New Mexico Weather: 7/1/17

Yesterday was a sunny and hot in Socorro.  By the afternoon, there were quite a few cumulus clouds, though most of them mixed out by the evening.  Elsewhere in the state, there were some high wind and large hail storm reports near the Texas border:

This morning has been still, sunny, and warm.  There is some smoke in the air, as shown in this photo of Socorro Peak (M Mountain):

National Weather Service (NWS) in Albuquerque forecasts (for Socorro) a mostly sunny day, with a 30% chance of scattered showers and thunderstorms, and a high temperature of 96 F. The winds will be from the northeast at 5-15 mph.  This evening will be partly cloudy, with a 20% chance of isolated showers and thunderstorms, and a low temperature of 67 F. Winds will be from the south at 5-15 mph.

The NWS in Albuquerque forecasts (for Magdalena) a sunny day, with a 30% chance of scattered showers and thunderstorms, and a high temperature of 89 F. The winds will be from the east at 5-15 mph, becoming south in the afternoon.  This evening will be partly cloudy, with a low temperature of 63 F. Winds will be from the southeast at 10-15 mph.

The NWS in Albuquerque forecasts (for Rio Rancho) a mostly sunny day, with a 20% chance of isolated showers and thunderstorms, and a high temperature of 91 F. The winds will be from the east at 10 mph, becoming south in the afternoon.  This evening will be partly cloudy, with a 20% chance of isolated showers and thunderstorms, and a low temperature of 64 F. Winds will be from the south at 5-15 mph, becoming east at after midnight.

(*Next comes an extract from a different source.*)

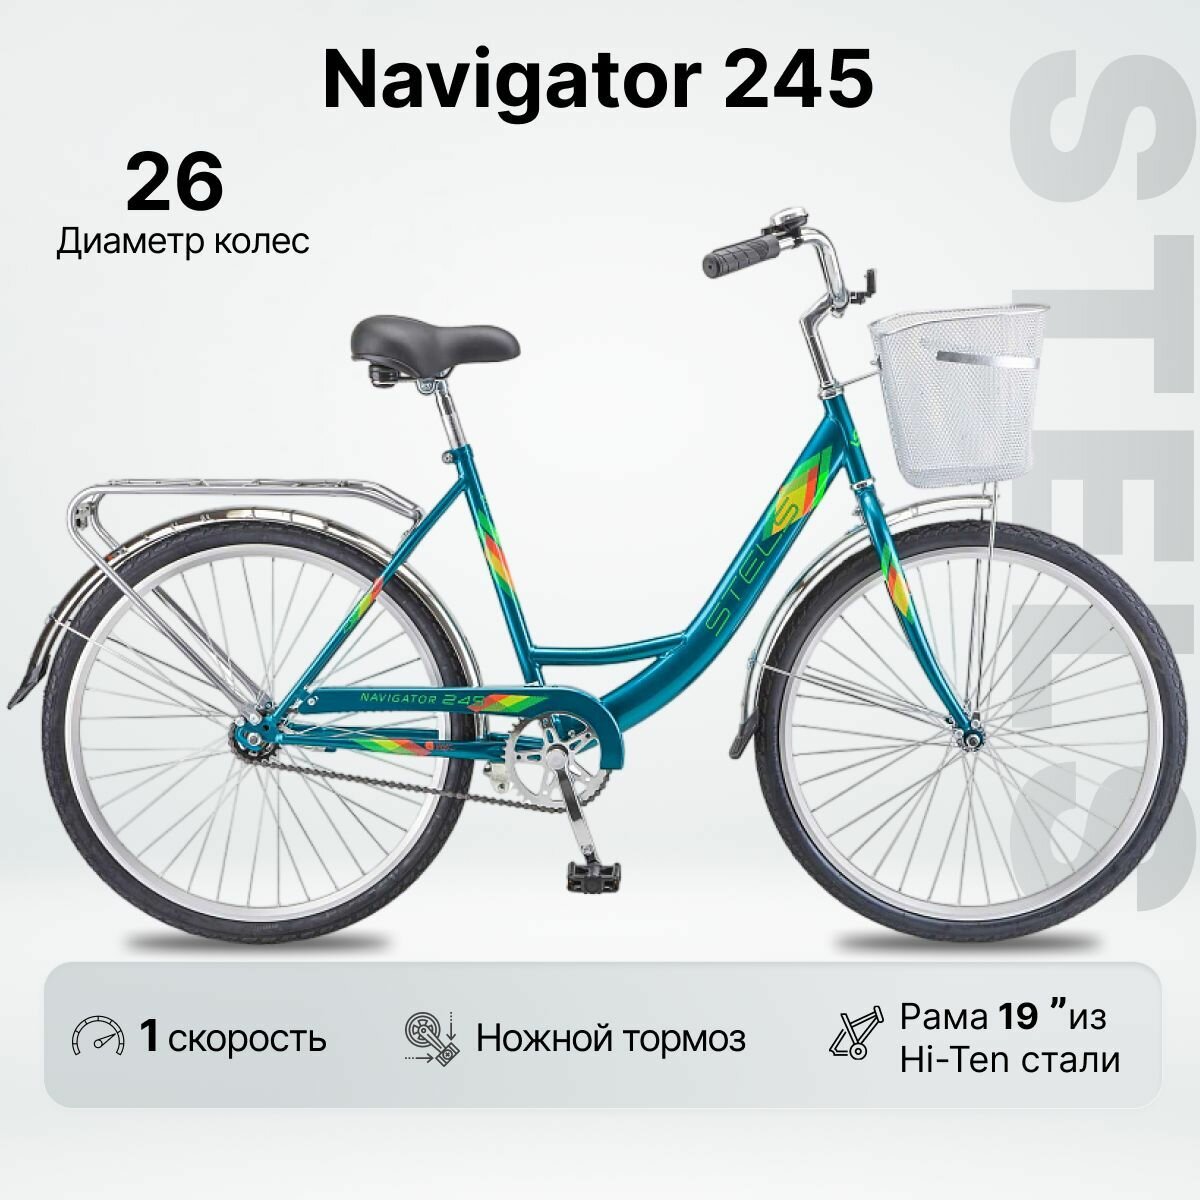 Велосипед Городской Stels Navigator 245 (26" колесо) морская волна, рама 19"

The NWS in Albuquerque has issued a Hazardous Weather Outlook for most of its forecast area, due to the chance of isolated storms ahead of the cold front.  The NWS mentions large hail and gusty winds as the primary threats.

The Storm Prediction Center (SPC) has issued a Marginal Risk for the northeastern corner of the state today.

Associated with the Marginal Risk is a 2% Tornado Threat Ring:

The SPC has also issued an Elevated Fire Weather risk for most of northern Arizona and into northwestern New Mexico.  Gallup is included in this risk.

The visible satellite imagery shows cloud cover over the eastern half of the state this morning.

The infrared satellite imagery shows a few thicker clouds left over from yesterday’s storms.

The water vapor imagery shows that there is some moisture over the state this morning.  It is nearly uniform, though there are still some left-over storms in the eastern half of the state.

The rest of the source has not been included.